In 2004, Valance returned to acting, this time in the United States, appearing in episodes of the television series CSI: Miami and Entourage. In 2005, she appeared in an episode of CSI: NY. In 2005 Valance returned to music, albeit briefly, when she appeared on Har Mar Superstar's album The Handler singing on the tracks, "DUI", "Back the Camel Up" and "Body Request". She appeared in Prison Break in 2006 as Nika Volek, a role which she continued to portray in the show's second season. Also in 2006, Valance appeared in the National Lampoon comedy Pledge This!, alongside American socialite Paris Hilton. The same year, she starred in DOA: Dead or Alive, an adaptation of the popular video game Dead or Alive, in which she played Christie. In 2007, she appeared in the TV series Shark and Moonlight. In 2008, she had a role in the film Taken alongside Liam Neeson, and appeared in an episode of The CW series Valentine.

In 2009, Valance appeared in Frankmusik's video for his single "Confusion Girl". She also leaked a track called "Superstar" in 2009. In 2009 Valance played Brenda Snow for the video game Command & Conquer: Red Alert 3 – Uprising. She also appeared in Scott Caan's film Mercy. Valance took part in the 2011 series of Strictly Come Dancing, where she was paired with the professional winner of series 8, Artem Chigvintsev. Valance and Chigvintsev were eliminated in the semi-final of the competition on 11 December 2011, giving them a fourth-place finish. She also starred in the Miss Marple television episode called "The Pale Horse". In 2011, Valance appeared in an advert for Foster's Gold bottled beer.

In 2013, Valance was mentor and judge of fashion competition Shopaholic Showdown.

===2013–present: Hiatus and other projects===
In 2013, Valance took a hiatus from her artistic career to prioritise her family, and has since been doing charity work as Ambassador of The Children's Trust, the UK's leading charity for children with brain injury and neurodisability. Since then, her only new role has been an appearance in the movie Red Herring, released in 2015 and shot in 2013. On 28 July 2022, Valance was seen in a cameo appearance as Felicity Scully, in what was intended to be the final-ever Neighbours episode. Her appearance was filmed in the UK alongside that of Natalie Imbruglia's character, Beth Brennan.

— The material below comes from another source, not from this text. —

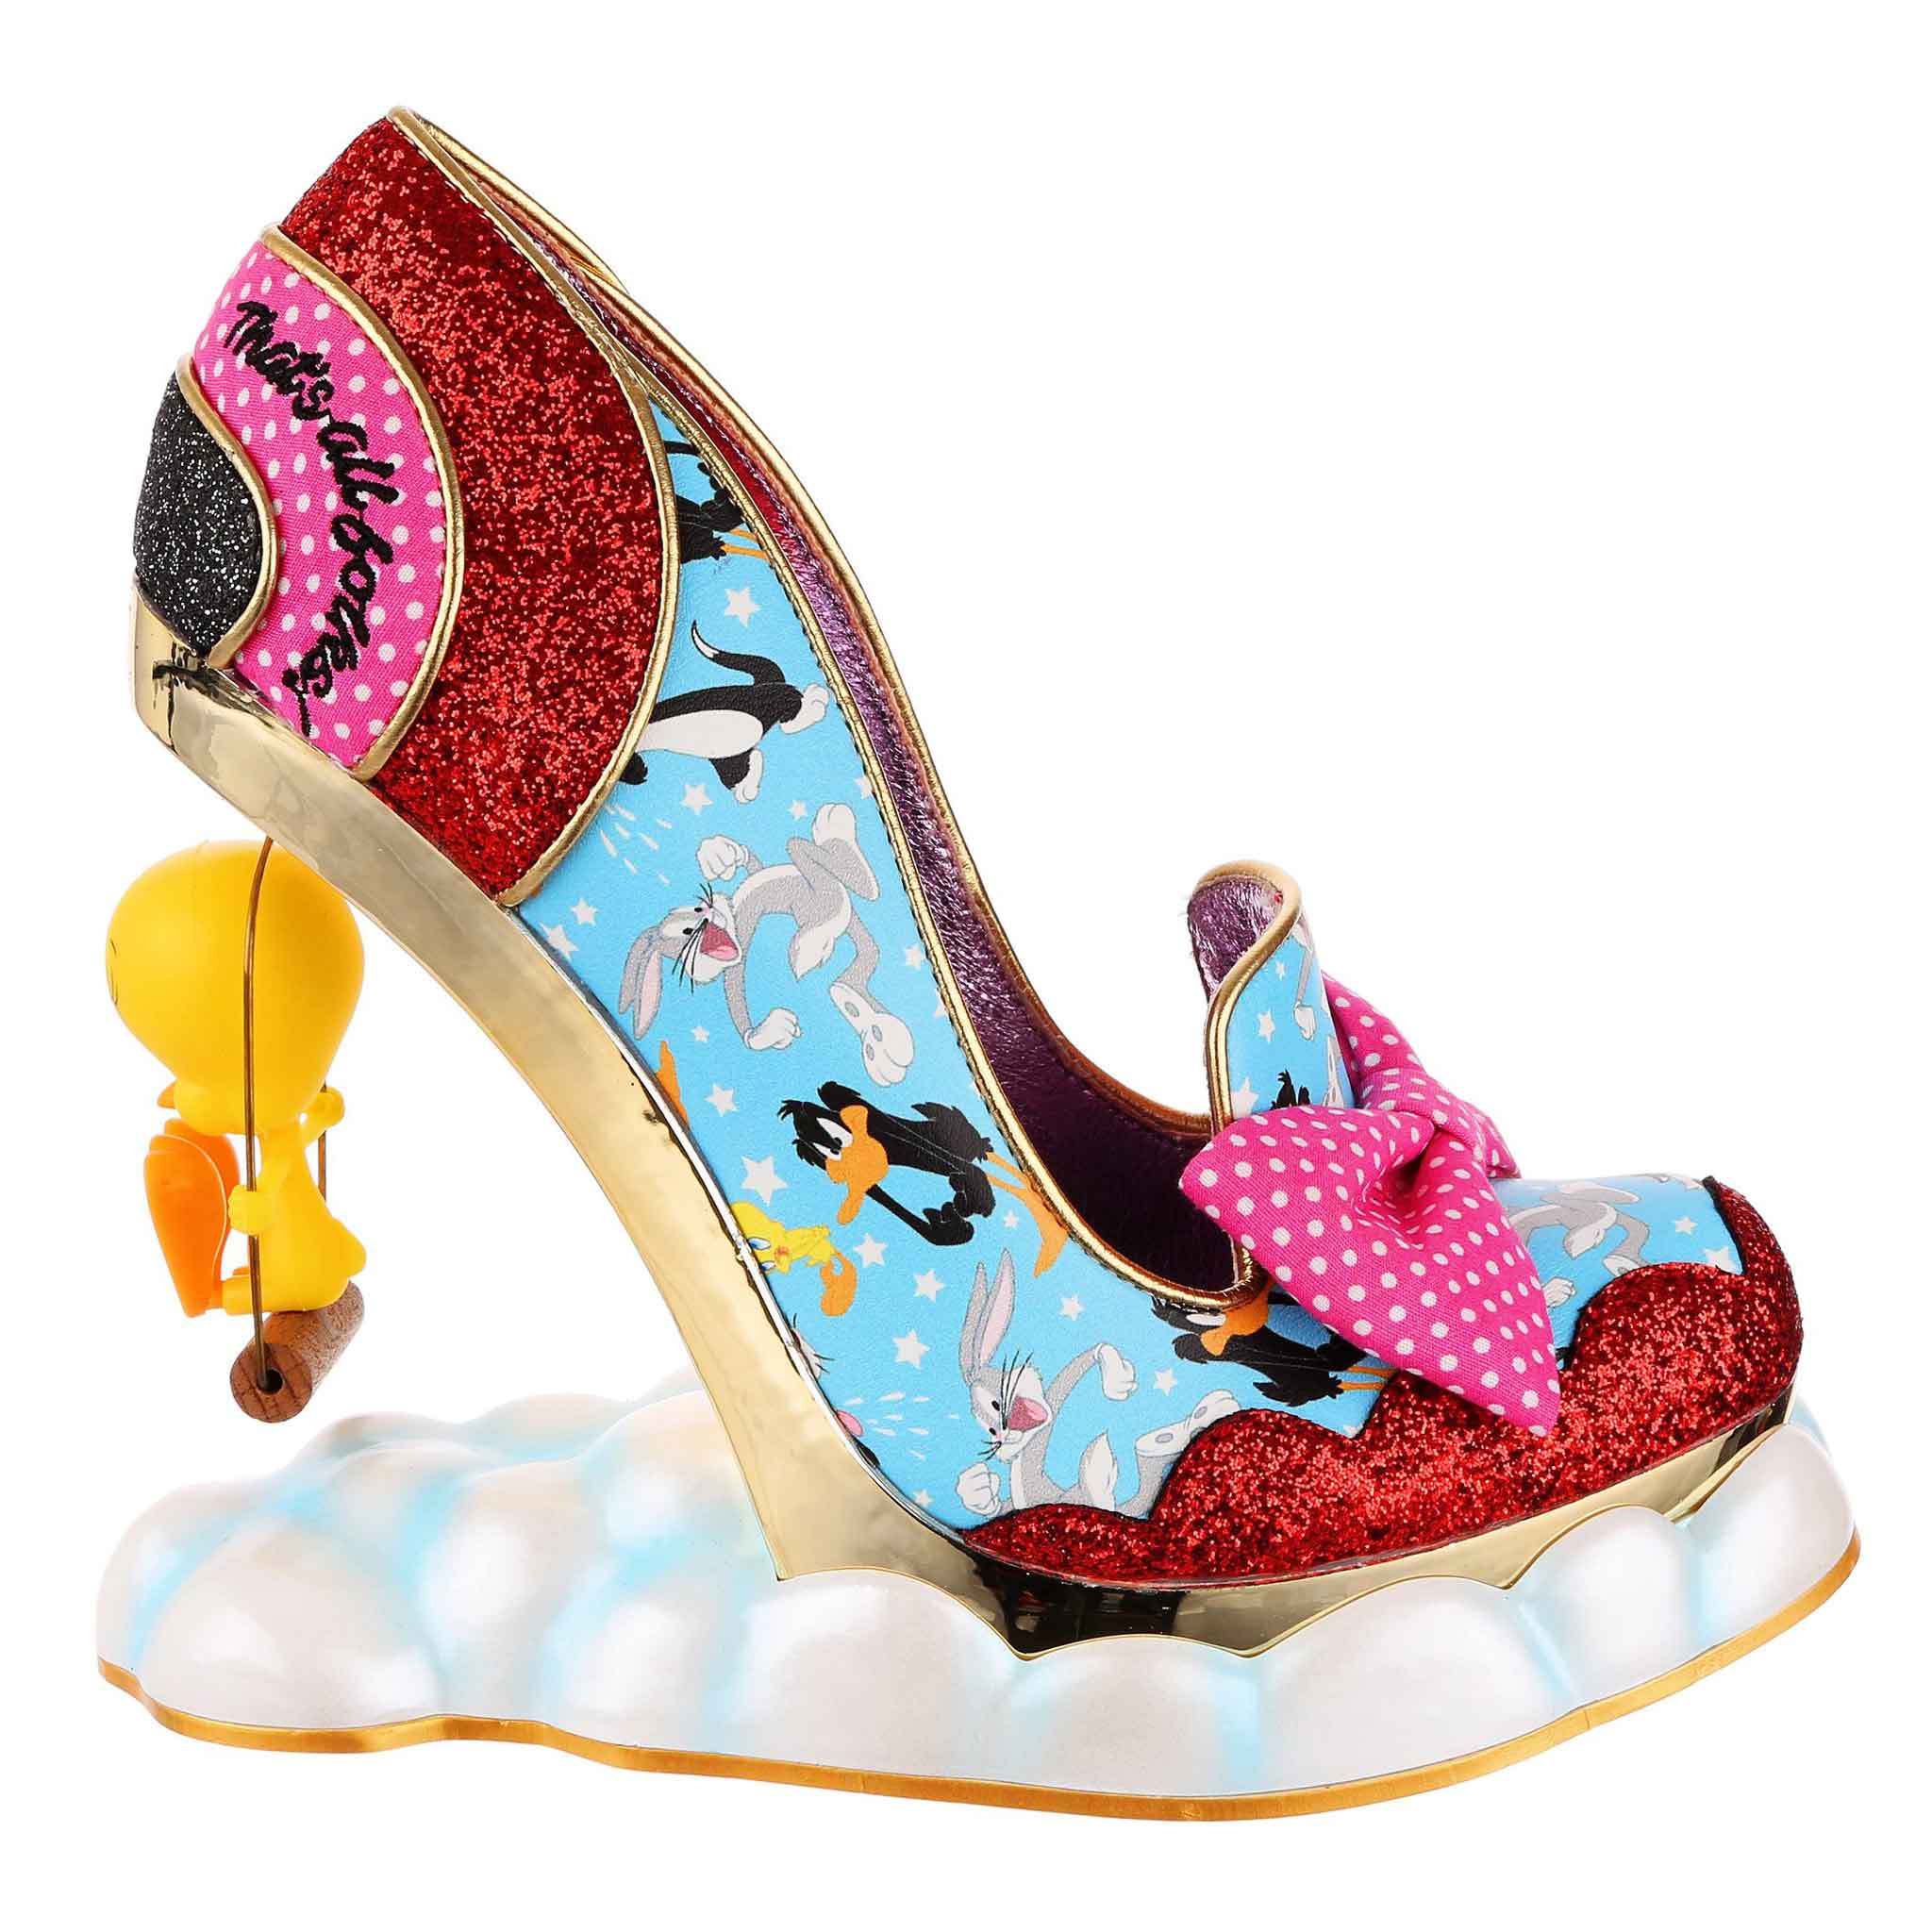 A high heel shoe with blue upper printed with Looney Tunes characters, red glitter toe and heel with a bright pink and white polka dot bow at the front. The concept heel is Tweety Bird sitting on a swing above clouds that are all around the base of the shoe.

Also in 2013, Valance made a series of advertisements for 0800REVERSE, a reverse charge phone service.

In 2025, Valance became a brand ambassador for heritage Australian label, Driza-Bone.

On 26 January 2026, Valance released the single "Kiss Kiss (XX) My Arse" in support of the Australian politician Pauline Hanson's anti-LGBTQ satirical comedy film A Super Progressive Movie. Within hours of the song's release, it reached the number one position on the Australian iTunes songs chart. The song was briefly removed, without explanation, by Apple Music, before being put back up on their websites.

==Personal life==
From 2005 to 2009, Valance dated Australian actor Alex O'Loughlin. In 2010, she started dating British property developer Nick Candy, whom she married on 29 September 2012 in Beverly Hills, California. The couple have two daughters. The first was born in November 2013, and the second in September 2017. In June 2025, it was reported that Valance and Candy had separated after 13 years of marriage.

=== Political views ===
According to The Guardian in 2024, Valance had "rapidly risen to become radical-right royalty". In February that year, she attended the launch of the new British conservative movement Popular Conservatism, led by former UK Prime Minister Liz Truss. In a series of clips posted on X (formerly known as Twitter), Valance was interviewed by Christopher Hope of GB News, and was asked about her views on various issues. Her view on "the climate crisis or lack of" was that "cleaner, cheaper energy is what we need". Asked about her political views, she said, "I would say that everyone starts off as a leftie and then wakes up at some point after making money, working, trying to run a business, trying to buy a home then realises what crap ideas they all are, and then you go to the right." Valance said her top political priority was Britain leaving the European Convention on Human Rights and the establishment of a British bill of rights, adding that "the trickle-down effect would be a huge step in the right direction".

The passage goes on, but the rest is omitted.